(REQUIRED WORK):
An exact restatement of the entire listing is needed, excluding all images.
GIVEN DATA section start
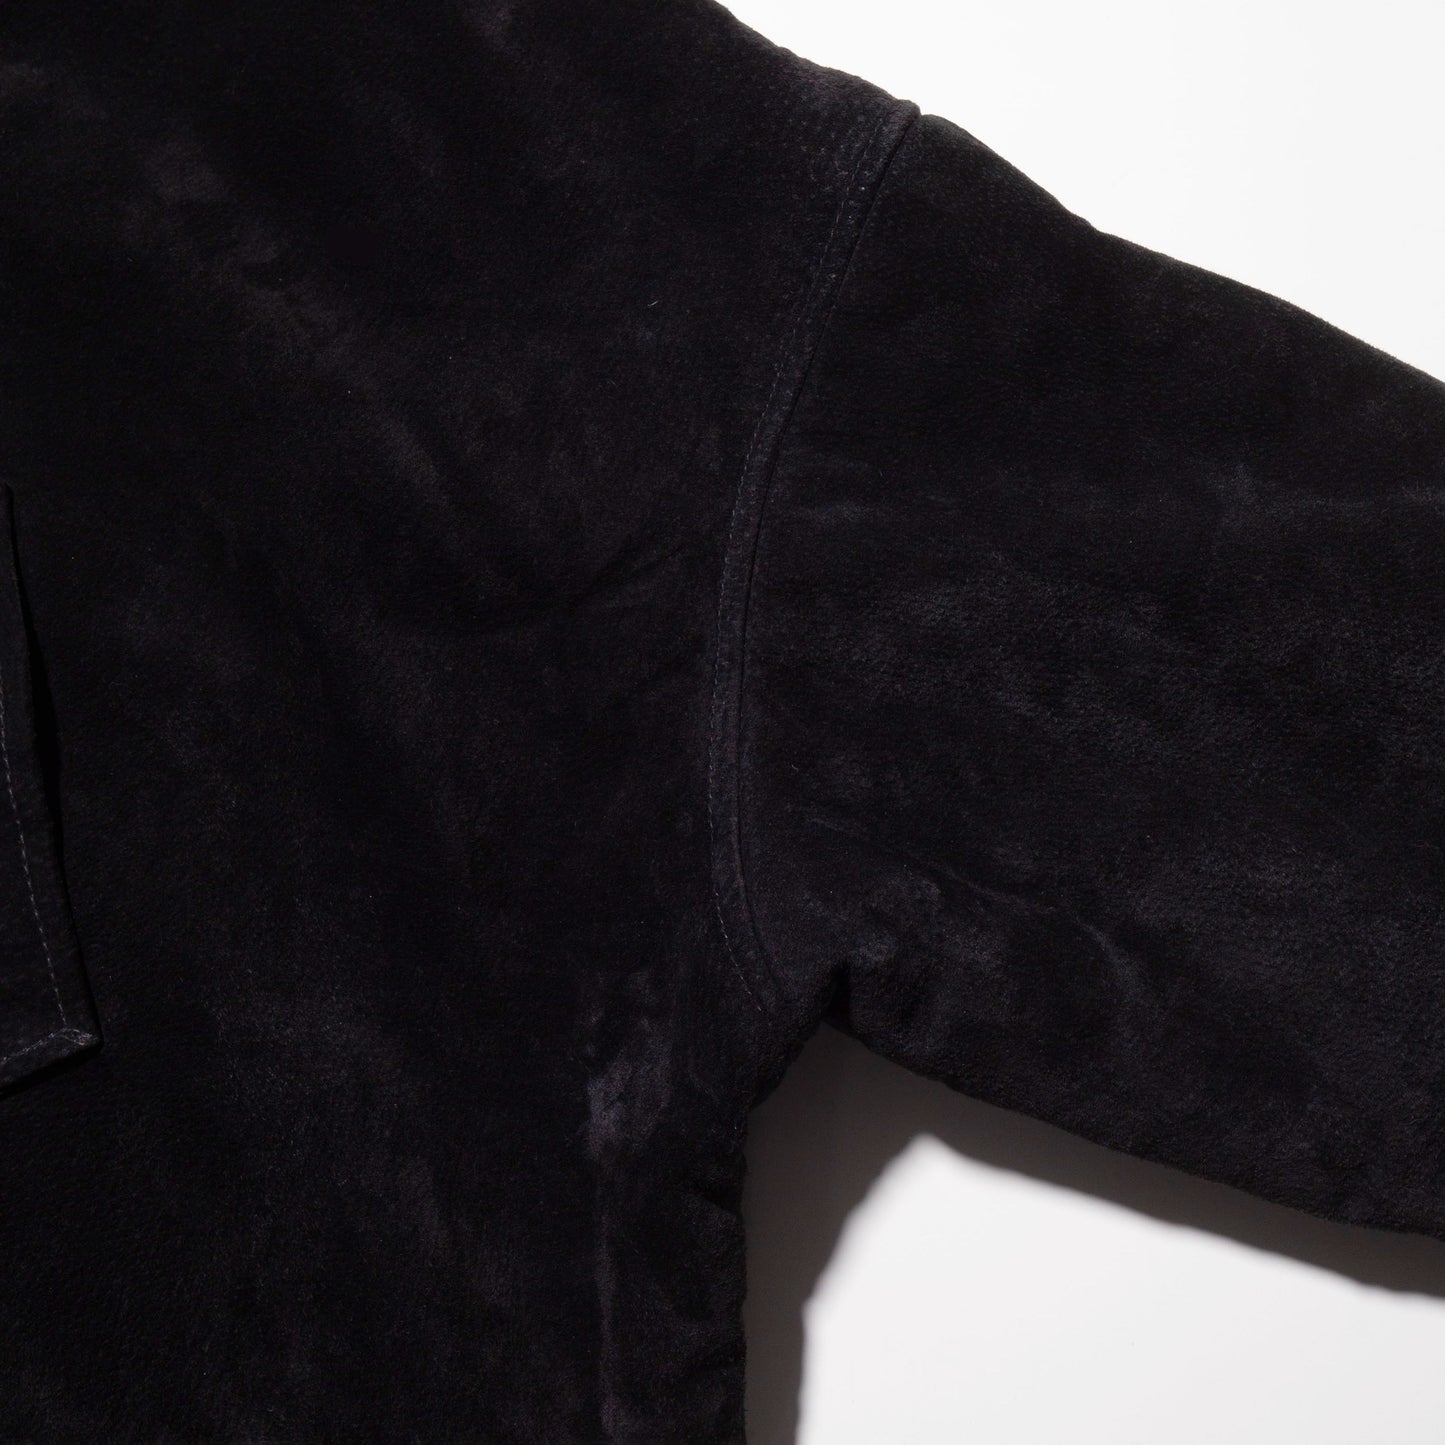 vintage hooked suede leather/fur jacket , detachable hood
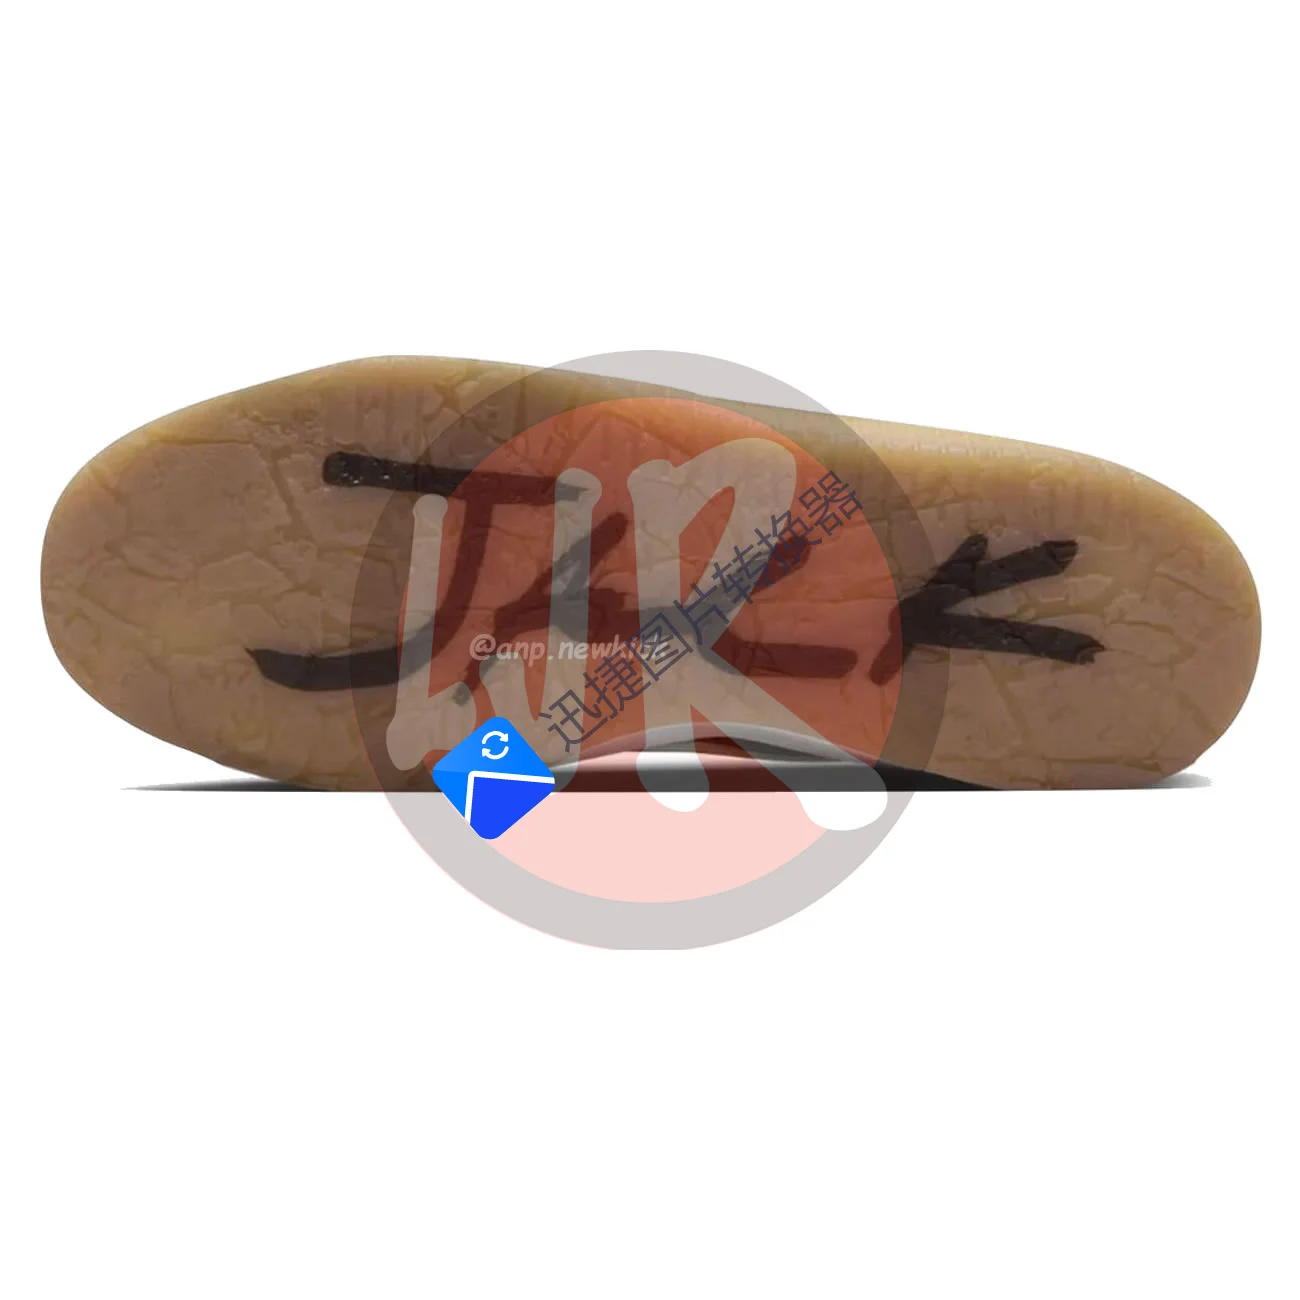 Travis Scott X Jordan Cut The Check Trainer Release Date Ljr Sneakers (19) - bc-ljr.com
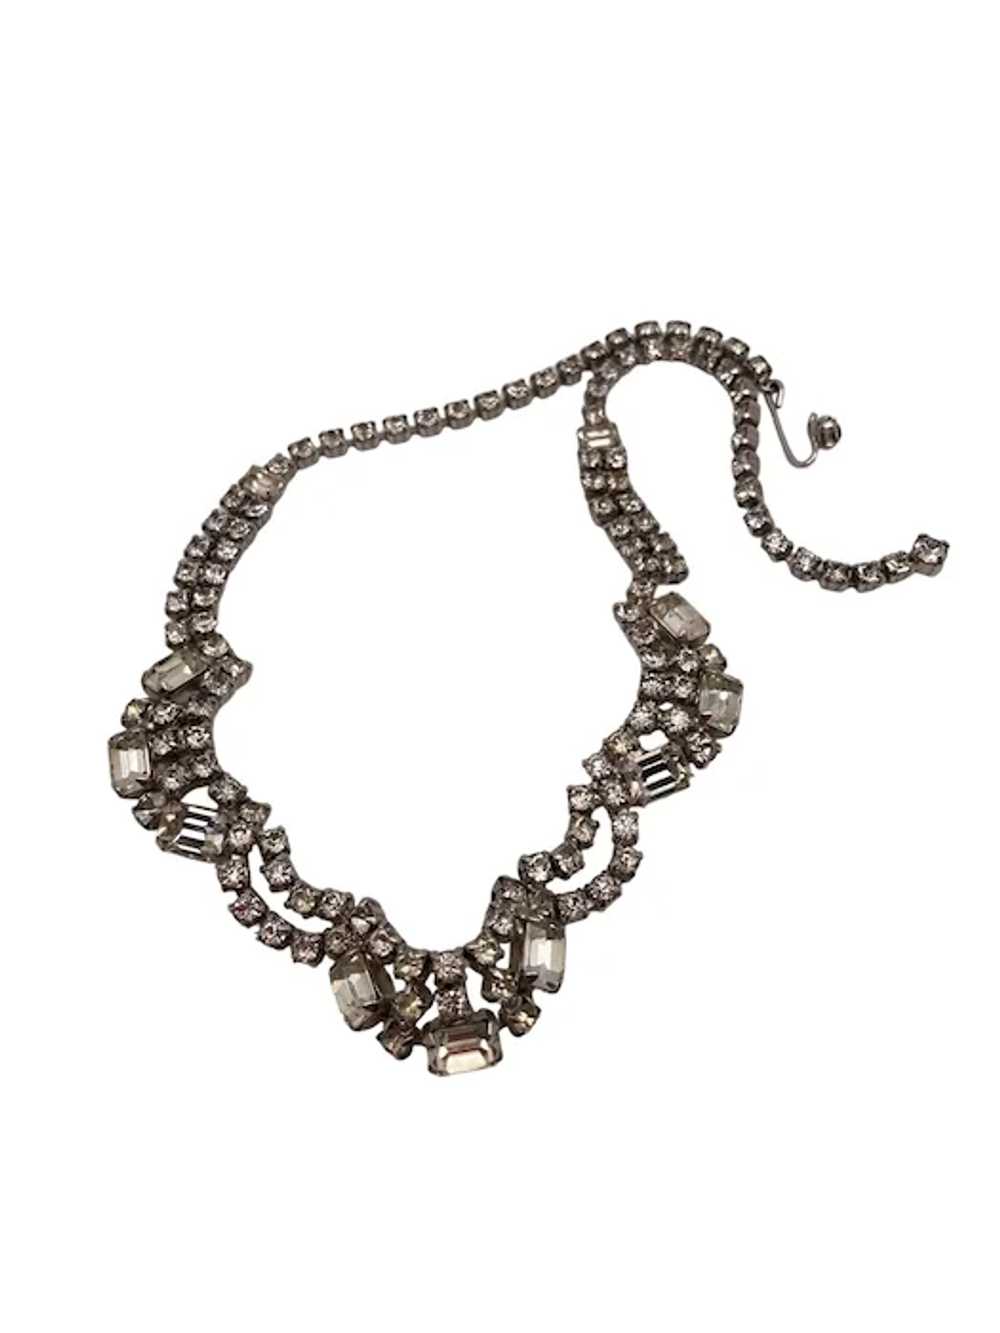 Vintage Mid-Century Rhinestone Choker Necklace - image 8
GIVEN DATA section end
(WRITTEN REPLY):
 vintage hooked suede leather/fur jacket , detachable hood
 Travis Scott X Jordan Cut The Check Trainer Release Date Ljr Sneakers (19) - bc-ljr.com
 Vintage Mid-Century Rhinestone Choker Necklace - image 8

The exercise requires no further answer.